Did you ever wonder where the Girl with a Pearl Earring might have been when Vermeer ‘captured’ her in his famous masterpiece? Well, now text-to-image AI DALL-E has announced that it will let users extend their creativity beyond the borders of an image by using outpainting.

The example given shows Vermeer’s masterpiece The Girl with a Pearl Earring standing in an old-fashioned kitchen. The kitchen is depicted in a similar painted style to the original and preserves the same tones and lighting. All in all, it’s pretty impressive.

Outpainting is the method of letting users continue an image beyond its original borders — adding visual elements in the same style, or taking a story in new directions — simply by using a natural language description.

In the video you see how the image was assembled, piece by piece like a jigsaw puzzle. Finally, the entire scene is realised with superb accuracy.

DALL·E’s Edit feature already enables changes within a generated or uploaded image — a capability known as Inpainting. DIYP showed some examples of this previously. Photographer Nicolas Sherlock was able to fix out-of-focus elements in a macro photograph of a ladybug using this technique.

Now, with Outpainting, users can extend the original image, creating large-scale images in any aspect ratio. Outpainting takes into account the image’s existing visual elements — including shadows, reflections, and textures — to maintain the context of the original image.

Photoshop has had something similar to this in its Content-Aware Fill commands for quite some time. It works pretty well, although obviously, it does depend on what you’re trying to achieve. Simple cloning areas work, anything much more complicated and it isn’t so dependable.

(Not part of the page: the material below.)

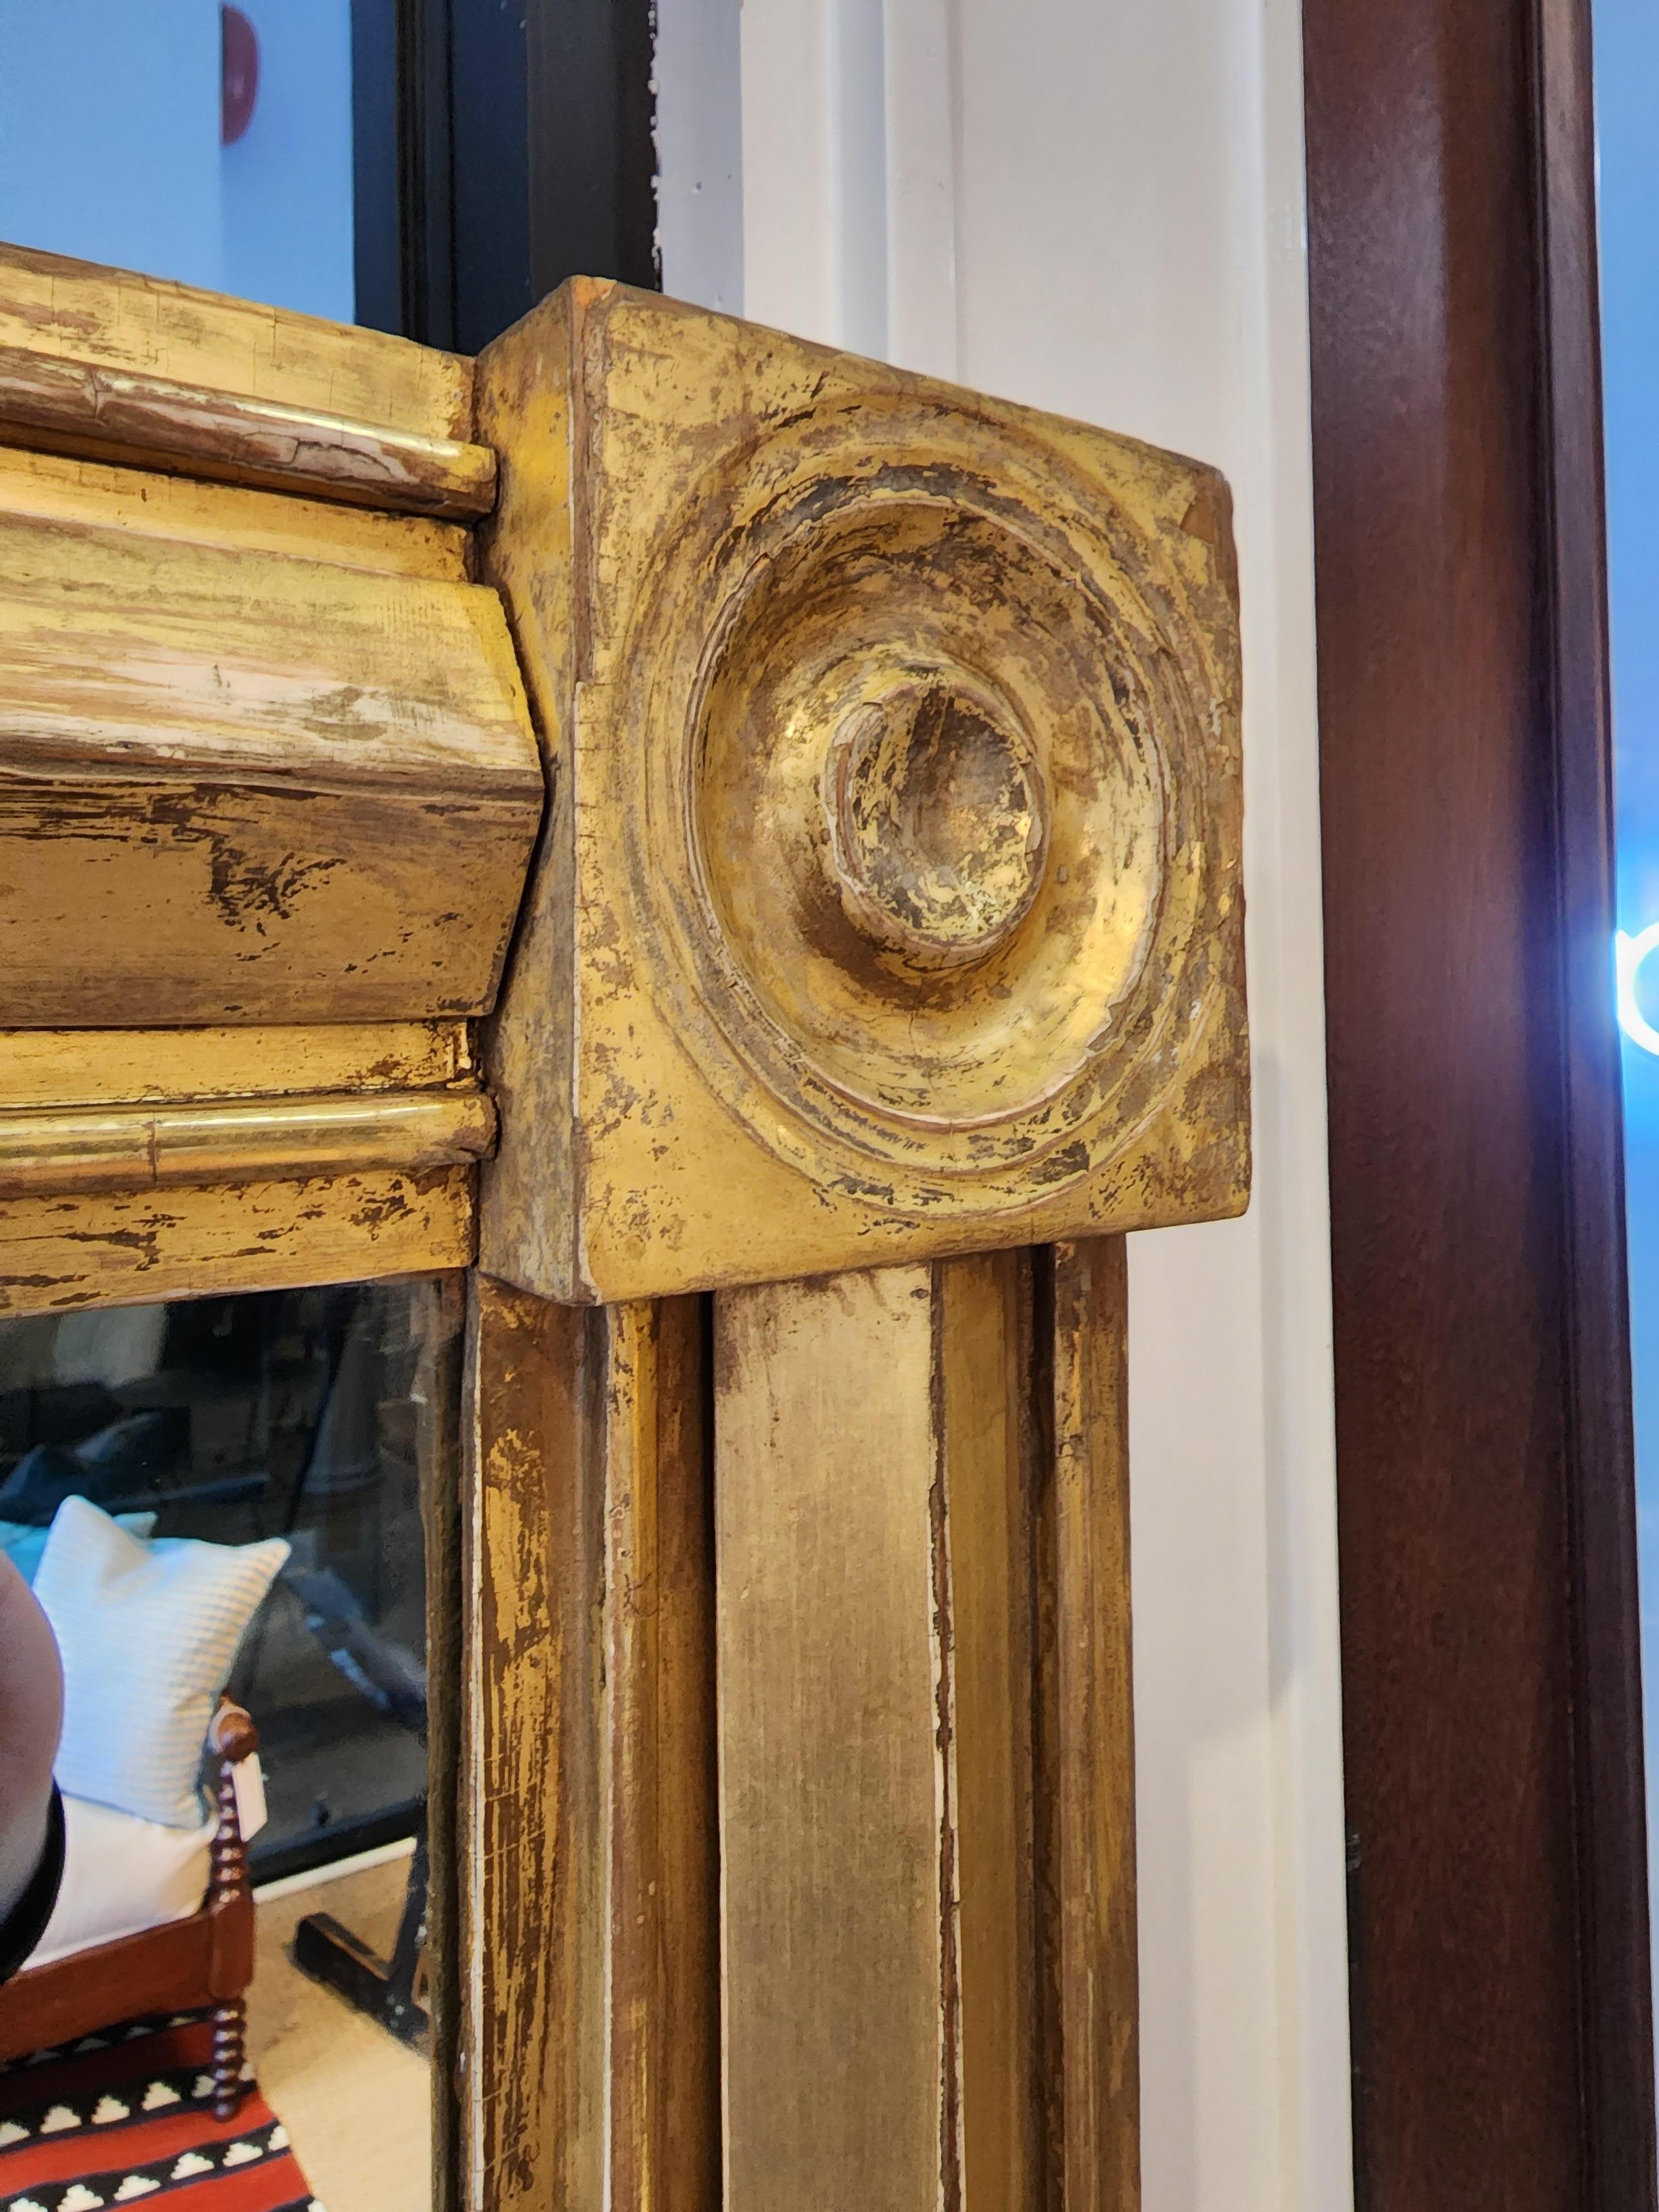 Ein amerikanischer Bundesspiegel von außergewöhnlicher Qualität, Tiefe und Design. Mit einer perfekten warmen Patina und unter Beibehaltung der ursprünglichen Goldvergoldung und des Spiegelglases. Dieser ungewöhnlich geformte Spiegel im klassischen

You certainly couldn’t use it to create something along the lines of the Vermeer image above. For that, you would need to use sample images and more traditional compositing methods. And that’s just with photographs. Trying to replicate the brushstrokes of an old master painting perfectly in the same style would take a lot of time and expertise.

Now though, you don’t need to learn any particular skills. You just need to be able to type a prompt to produce some pretty impressive results. I can see some useful applications for this already. It could be used for storyboarding for example.

Honestly, I really don’t know how I feel about this. On the one hand, it’s an incredible technology that can open up whole new ways of working. On the other, as we have discussed in recent articles on DIYP, it’s going to disrupt the creative industries like nothing before.

Where do you fall on the wonder versus fear scale when it comes to this kind of AI?